Joseph Vernon (c. 1738–1782) was an English actor and singer. From his days as a boy soprano, he had a successful career on the London stage, interrupted only by the aftermath of an underage wedding to a colleague.

==Early life==
Born at Coventry around 1738, Vernon was illegitimate. He studied in London under William Savage in the choir of St Paul's Cathedral. As a boy he had a fine soprano voice, and on 23 February 1751 he sang at Drury Lane Theatre in Thomas Arne's Alfred. On 22 May he took part in Queen Mab, the pantomime by Henry Woodward; on 20 September in the funeral procession in Romeo and Juliet; and on 19 November in The Shepherd's Lottery, an opera by William Boyce. In the early part of 1754 he sang tenor parts and acted comedy at Drury Lane.

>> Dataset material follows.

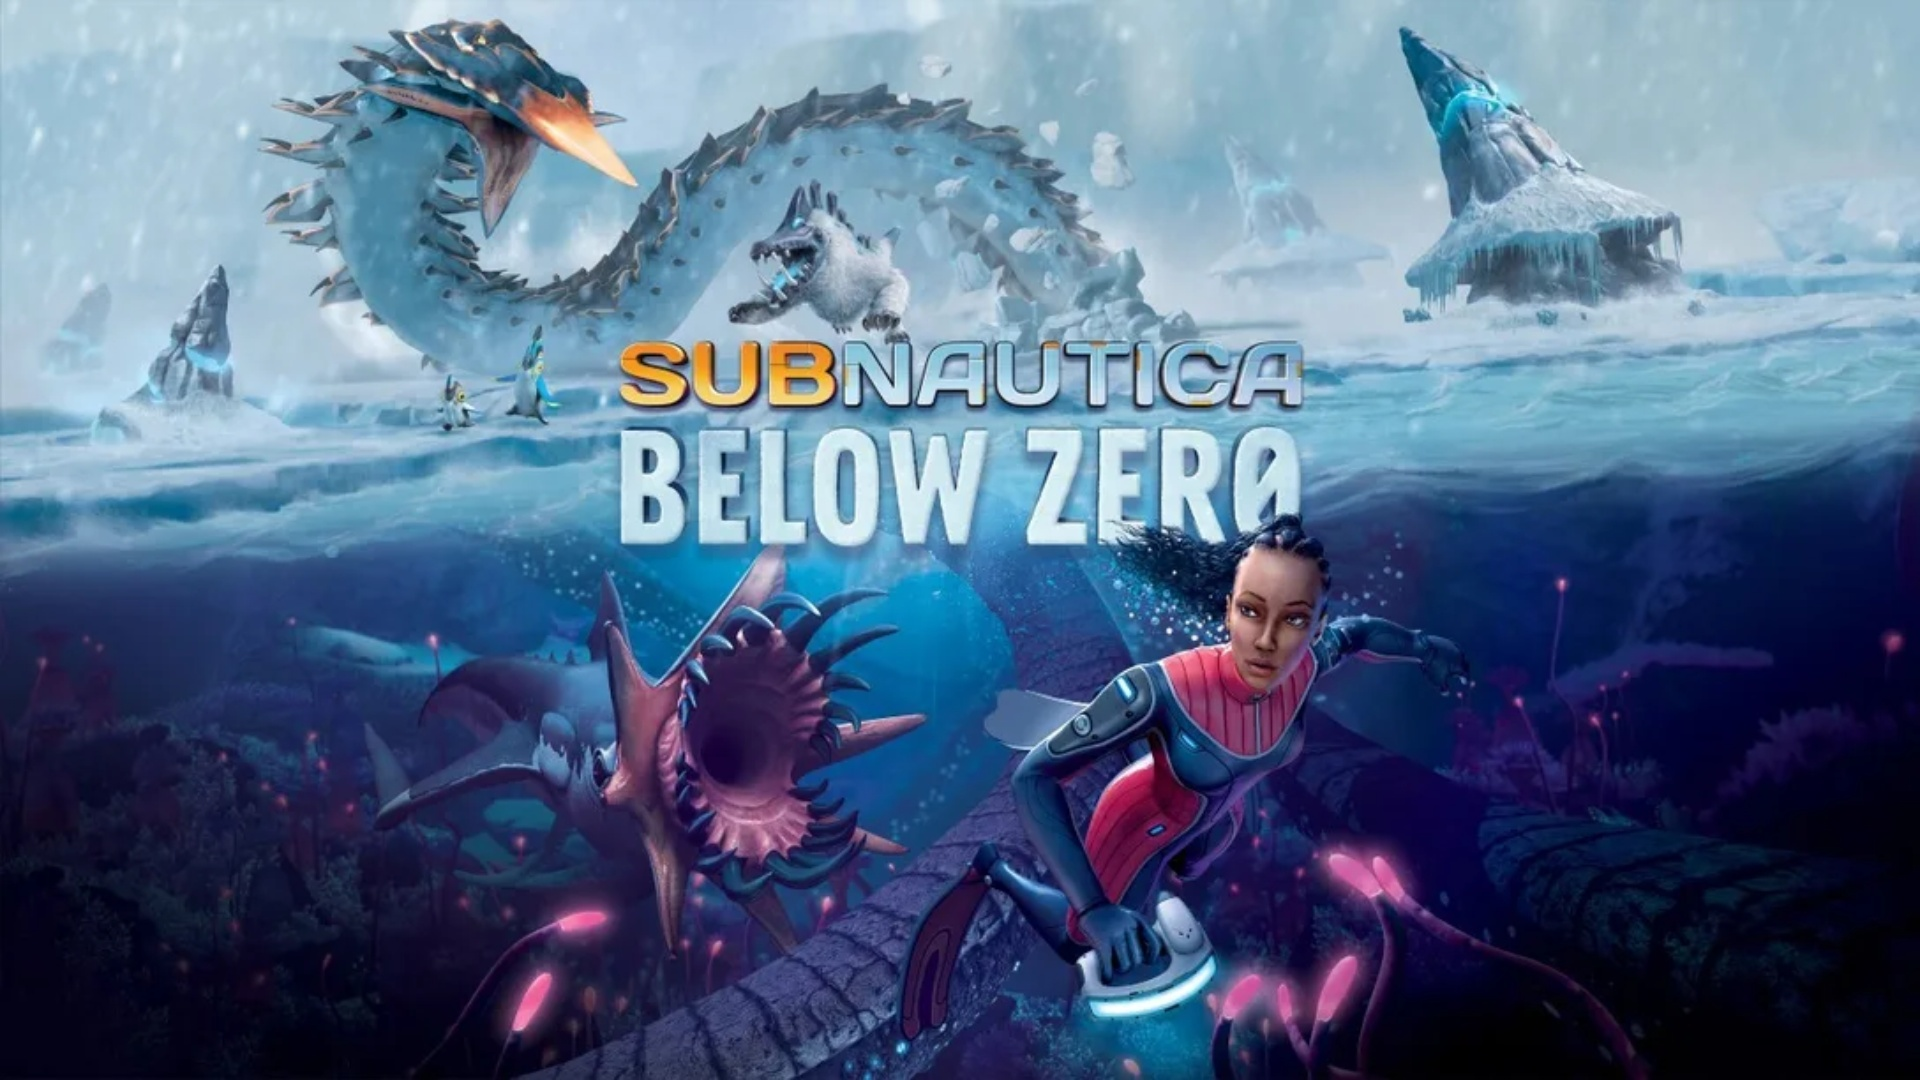 State of Play - Subnautica: Below Zero

==Scandal and exile in Dublin==
In 1755 Vernon married Jane Poitier, a singer at Drury Lane at the Savoy Chapel. John Wilkinson, the incumbent of the Savoy Chapel, thought that the terms of the Marriage Act 1753, aimed at clandestine marriages, did not apply to his extra-parochial church, and continued to issue licenses and to solemnise marriages. Among these technically irregular weddings, Vernon's happened to be the test case taken to court by the authorities. According to Tate Wilkinson Joseph and Jane, who had been acting as "Mrs. Vernon", were happy enough to be parted.

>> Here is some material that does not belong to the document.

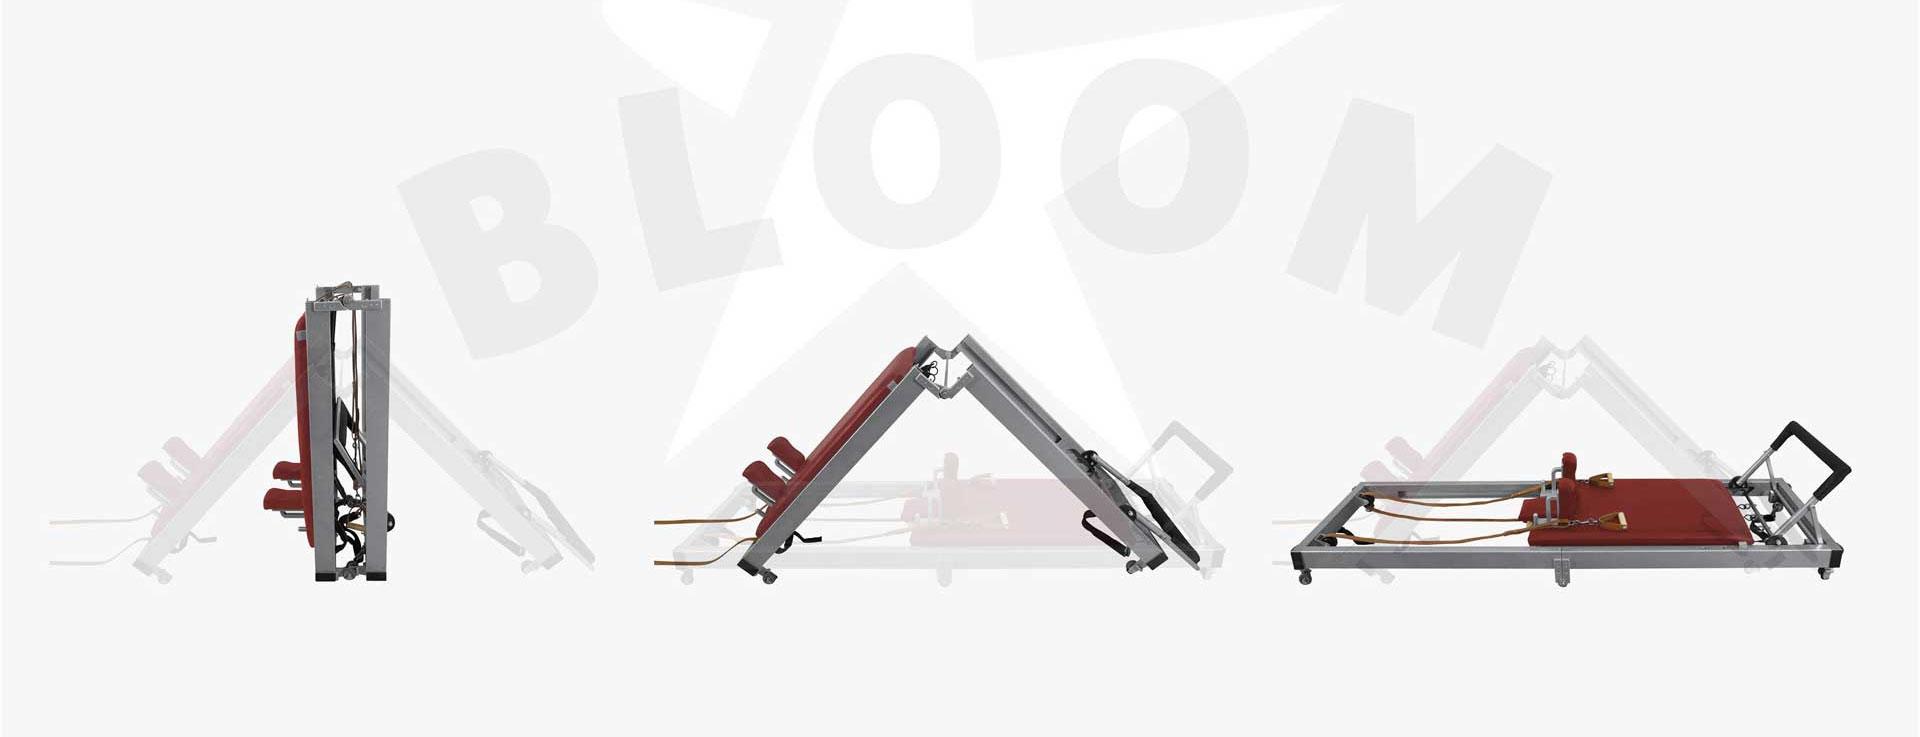 Folding Classical reformer - pilates equipment

On the other hand, the fallout of the prosecution case against the clergy of the Chapel was serious. Wilkinson was sentenced in 1756 to 14 years transportation to British North America, and died in 1757 on the way. The curate John Grierson, who had carried out the marriage, received the same sentence: Vernon had testified at the trial, and was then hissed on stage. The unpopular Vernon moved to Dublin, where he had further success as an actor.

==Return to Drury Lane==
Back at Drury Lane in 1762, Vernon was given parts by David Garrick. He combined polished singing and a natural style of acting in Shakespeare. He was also assigned some characters in comedy and farce: Colonel Bully in The Provoked Wife; Master Stephen in Every Man in his Humour; Sir John Loverule in The Devil to Pay, a ballad opera by Charles Coffey, and Sharp in The Lying Valet by Garrick. According to James Boaden, Vernon's voice in maturity was of poor quality. Nonetheless, he continued to take singing parts in opera and interludes. The song in Act III of The School for Scandal was written by Thomas Linley for him. He took the title role in Selima and Azor, Linley's first opera.

==Last years==
Vernon's last performances were Artabanes in Artaxerxes, First Bacchanal in Comus, and Truemore in The Lord of the Manor by Jackson of Exeter, 1780. Until 6 October 1781 he appeared in these and his older parts. He died on 19 March 1782 at Lambeth, and the administration of his effects was granted to Margaret Vernon, his widow.

==Works==
Vernon compiled around 1782 The New London and Country Songster, or a Banquet of Vocal Music. He composed songs and ballads, including New Songs in the Pantomime of the Witches, the epilogue in Twelfth Night, and a song in the Two Gentlemen of Verona.